▶ _PROBLEM REQUIREMENTS_
Each line below should be repeated exactly as it stands.
Start of DATA SECTION
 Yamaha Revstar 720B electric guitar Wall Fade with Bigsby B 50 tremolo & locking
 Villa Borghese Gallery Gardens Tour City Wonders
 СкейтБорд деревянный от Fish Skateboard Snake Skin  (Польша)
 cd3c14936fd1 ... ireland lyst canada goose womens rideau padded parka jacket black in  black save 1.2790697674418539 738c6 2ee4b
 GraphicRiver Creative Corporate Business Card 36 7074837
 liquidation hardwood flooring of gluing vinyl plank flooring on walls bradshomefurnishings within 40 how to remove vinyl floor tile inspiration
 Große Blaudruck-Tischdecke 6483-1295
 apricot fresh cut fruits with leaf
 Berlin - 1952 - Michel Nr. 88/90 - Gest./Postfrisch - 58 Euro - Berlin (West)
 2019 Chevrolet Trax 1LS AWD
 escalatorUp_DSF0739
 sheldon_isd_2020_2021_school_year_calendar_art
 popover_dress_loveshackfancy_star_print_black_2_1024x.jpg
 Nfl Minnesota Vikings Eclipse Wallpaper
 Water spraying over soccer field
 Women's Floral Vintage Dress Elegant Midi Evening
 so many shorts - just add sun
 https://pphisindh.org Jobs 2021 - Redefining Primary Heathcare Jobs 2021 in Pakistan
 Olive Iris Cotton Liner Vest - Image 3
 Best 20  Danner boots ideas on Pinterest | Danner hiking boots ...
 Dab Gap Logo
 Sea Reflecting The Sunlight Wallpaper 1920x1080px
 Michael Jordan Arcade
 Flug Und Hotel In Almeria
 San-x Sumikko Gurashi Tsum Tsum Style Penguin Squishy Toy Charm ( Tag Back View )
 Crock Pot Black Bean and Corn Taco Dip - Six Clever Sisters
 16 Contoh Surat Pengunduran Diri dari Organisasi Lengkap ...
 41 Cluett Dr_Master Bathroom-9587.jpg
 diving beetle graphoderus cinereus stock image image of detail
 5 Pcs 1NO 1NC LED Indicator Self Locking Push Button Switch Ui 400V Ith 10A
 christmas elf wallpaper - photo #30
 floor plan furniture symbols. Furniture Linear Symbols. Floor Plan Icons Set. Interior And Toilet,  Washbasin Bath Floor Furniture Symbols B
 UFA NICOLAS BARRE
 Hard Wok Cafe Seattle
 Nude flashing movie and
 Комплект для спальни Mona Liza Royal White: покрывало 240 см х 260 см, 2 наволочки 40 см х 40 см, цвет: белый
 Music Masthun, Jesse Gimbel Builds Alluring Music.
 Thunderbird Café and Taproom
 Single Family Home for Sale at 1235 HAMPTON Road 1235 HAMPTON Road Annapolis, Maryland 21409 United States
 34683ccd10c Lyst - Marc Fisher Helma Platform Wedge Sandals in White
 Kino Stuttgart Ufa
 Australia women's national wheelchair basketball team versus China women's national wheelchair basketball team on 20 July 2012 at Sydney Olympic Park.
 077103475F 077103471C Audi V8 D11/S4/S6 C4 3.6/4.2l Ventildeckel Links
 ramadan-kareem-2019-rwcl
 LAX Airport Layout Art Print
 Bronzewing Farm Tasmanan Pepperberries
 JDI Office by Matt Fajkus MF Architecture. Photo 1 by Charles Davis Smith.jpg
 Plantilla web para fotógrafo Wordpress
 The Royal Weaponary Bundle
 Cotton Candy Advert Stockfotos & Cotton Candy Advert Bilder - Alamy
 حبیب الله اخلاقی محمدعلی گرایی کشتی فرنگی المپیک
End of DATA SECTION
▶ _RESULT OF THIS EXERCISE_
 Yamaha Revstar 720B electric guitar Wall Fade with Bigsby B 50 tremolo & locking
 Villa Borghese Gallery Gardens Tour City Wonders
 СкейтБорд деревянный от Fish Skateboard Snake Skin  (Польша)
 cd3c14936fd1 ... ireland lyst canada goose womens rideau padded parka jacket black in  black save 1.2790697674418539 738c6 2ee4b
 GraphicRiver Creative Corporate Business Card 36 7074837
 liquidation hardwood flooring of gluing vinyl plank flooring on walls bradshomefurnishings within 40 how to remove vinyl floor tile inspiration
 Große Blaudruck-Tischdecke 6483-1295
 apricot fresh cut fruits with leaf
 Berlin - 1952 - Michel Nr. 88/90 - Gest./Postfrisch - 58 Euro - Berlin (West)
 2019 Chevrolet Trax 1LS AWD
 escalatorUp_DSF0739
 sheldon_isd_2020_2021_school_year_calendar_art
 popover_dress_loveshackfancy_star_print_black_2_1024x.jpg
 Nfl Minnesota Vikings Eclipse Wallpaper
 Water spraying over soccer field
 Women's Floral Vintage Dress Elegant Midi Evening
 so many shorts - just add sun
 https://pphisindh.org Jobs 2021 - Redefining Primary Heathcare Jobs 2021 in Pakistan
 Olive Iris Cotton Liner Vest - Image 3
 Best 20  Danner boots ideas on Pinterest | Danner hiking boots ...
 Dab Gap Logo
 Sea Reflecting The Sunlight Wallpaper 1920x1080px
 Michael Jordan Arcade
 Flug Und Hotel In Almeria
 San-x Sumikko Gurashi Tsum Tsum Style Penguin Squishy Toy Charm ( Tag Back View )
 Crock Pot Black Bean and Corn Taco Dip - Six Clever Sisters
 16 Contoh Surat Pengunduran Diri dari Organisasi Lengkap ...
 41 Cluett Dr_Master Bathroom-9587.jpg
 diving beetle graphoderus cinereus stock image image of detail
 5 Pcs 1NO 1NC LED Indicator Self Locking Push Button Switch Ui 400V Ith 10A
 christmas elf wallpaper - photo #30
 floor plan furniture symbols. Furniture Linear Symbols. Floor Plan Icons Set. Interior And Toilet,  Washbasin Bath Floor Furniture Symbols B
 UFA NICOLAS BARRE
 Hard Wok Cafe Seattle
 Nude flashing movie and
 Комплект для спальни Mona Liza Royal White: покрывало 240 см х 260 см, 2 наволочки 40 см х 40 см, цвет: белый
 Music Masthun, Jesse Gimbel Builds Alluring Music.
 Thunderbird Café and Taproom
 Single Family Home for Sale at 1235 HAMPTON Road 1235 HAMPTON Road Annapolis, Maryland 21409 United States
 34683ccd10c Lyst - Marc Fisher Helma Platform Wedge Sandals in White
 Kino Stuttgart Ufa
 Australia women's national wheelchair basketball team versus China women's national wheelchair basketball team on 20 July 2012 at Sydney Olympic Park.
 077103475F 077103471C Audi V8 D11/S4/S6 C4 3.6/4.2l Ventildeckel Links
 ramadan-kareem-2019-rwcl
 LAX Airport Layout Art Print
 Bronzewing Farm Tasmanan Pepperberries
 JDI Office by Matt Fajkus MF Architecture. Photo 1 by Charles Davis Smith.jpg
 Plantilla web para fotógrafo Wordpress
 The Royal Weaponary Bundle
 Cotton Candy Advert Stockfotos & Cotton Candy Advert Bilder - Alamy
 حبیب الله اخلاقی محمدعلی گرایی کشتی فرنگی المپیک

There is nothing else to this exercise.